Exercise details: Restate word for word the lines of the material below, from the line with "Nueva teoría: ¿Son" to the line with "Fort Collins senior", both lines included, and no others.

Data to use:
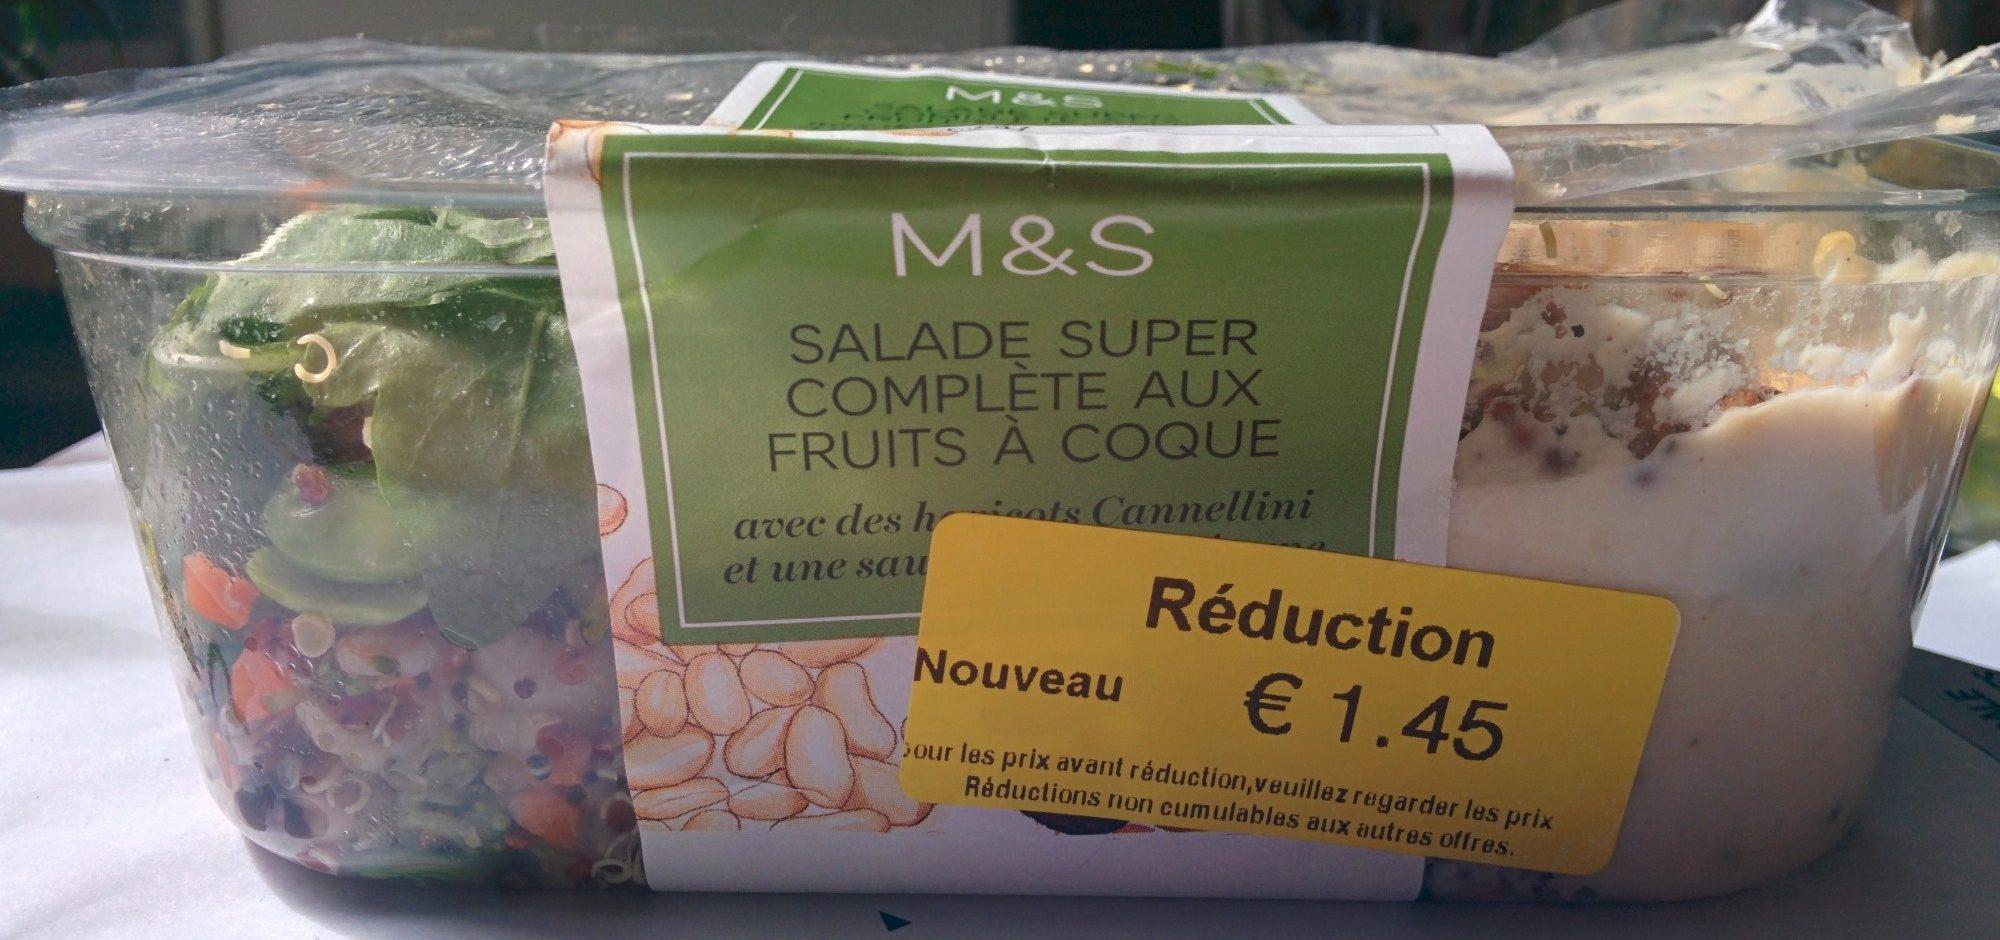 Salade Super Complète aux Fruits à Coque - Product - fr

...

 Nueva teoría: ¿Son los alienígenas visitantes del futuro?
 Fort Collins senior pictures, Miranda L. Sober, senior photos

---

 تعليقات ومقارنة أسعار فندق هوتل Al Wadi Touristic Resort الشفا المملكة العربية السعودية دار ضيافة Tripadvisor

Exercise answer:
 Nueva teoría: ¿Son los alienígenas visitantes del futuro?
 Fort Collins senior pictures, Miranda L. Sober, senior photos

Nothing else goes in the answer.